The South Luangwa is home to one of the largest concentrations of hippo in Africa, and the numbers of Nile crocodiles is also remarkable. Several mammals, elephant in particular, are comparatively smaller than related species in other parts of Africa. Hippo, giraffe and impala also fall into this category and the reason for this remains a mystery.

South Luangwa is a paradise for ornithologists and bird enthusiasts and out of Zambia’s 740 species of birds, over 400 have been recorded in and around the park. The area is particularly rich in raptors and includes four species of vulture, various large eagles, smaller goshawks, sparrow hawks and a wide variety of owls.

Kafue National Park

Kafue National Park, one of the largest in Africa, has many varied habitats: the Kafue, Lufupa and Lunga rivers with adjoining peaceful stretches of riverine vegetation, dambos and wetlands, extensive miombo woodland with seasonal floodplains and swampland in the north. Owing to this diversity, Kafue is blessed in wildlife.

Highlights

  • Kafue epitomises all the remote, wild and diverse characteristics of the Zambian wilderness
  • The vast Busanga Plains are perhaps the prime wildlife viewing destination in the country
  • Despite its remoteness, Kafue is easily accessible from both Lusaka and Livingstone

Map

Zambia

Visa

Namibia Visa Information

This information serves as a guide only. Travellers should check visa requirements pertaining to their citizenship, as entry requirements can vary.

Visas Not Required

Foreigners from some Commonwealth countries are not required to obtain visas for entering Zambia except in cases where the Zambian government has directed otherwise.

Visas Required

Foreigners from most Commonwealth and European Union countries, as well as the United States, are required to obtain visas for entering Zambia.

Please visit http://www.zambiaimmigration.gov.zm for a full list of nationalities which require visas for entry.

Climate

Climate guide

Zambia has a tropical climate and is distinguished by three distinct seasons: the dry season (May to August), when temperatures drop at night, but the landscape is green and lush; the hot season (September to November), the best time to see wildlife as flora is sparse; and the wet season (December to April) which is ideal for bird-watching.

October is the hottest month and temperatures can reach over 40°C. During the dry season temperatures range from 6-24ºC while the wet season is much hotter, averaging 25-35ºC. Due to an abundance of water after the rainy season, wildlife is scattered.
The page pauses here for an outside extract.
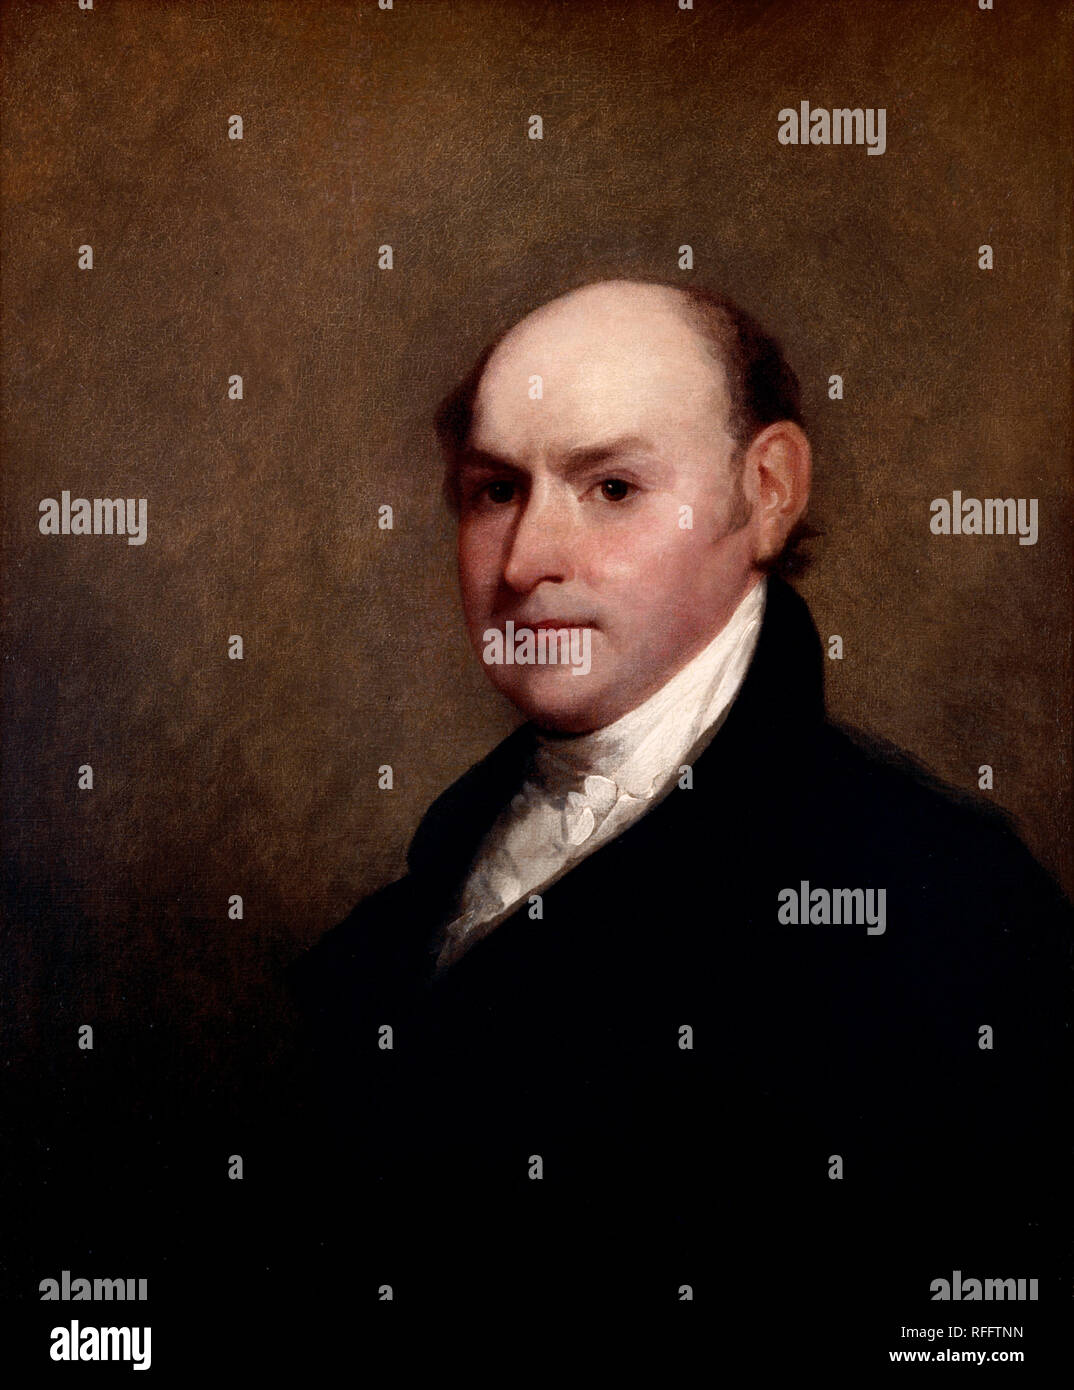 John Quincy Adams. Date/Period: 1818. Painting. Oil on panel oil on panel. Height: 679.45 mm (26.75 in); Width: 558.80 mm (22 in). Author: GILBERT STUART. Stock Photo

This time is also known as the Emerald Season because vegetation is lush, green and beautiful, but obscures game viewing.

Weather Zambia

Health

Malaria

Safaris camps in Zambia are situated in malaria-risk areas; please consult your medical practitioner regarding any anti-malarials. Please check with your health department/travel clinic prior to departure, in the event there have been changes in the health regulations of the country you are visiting.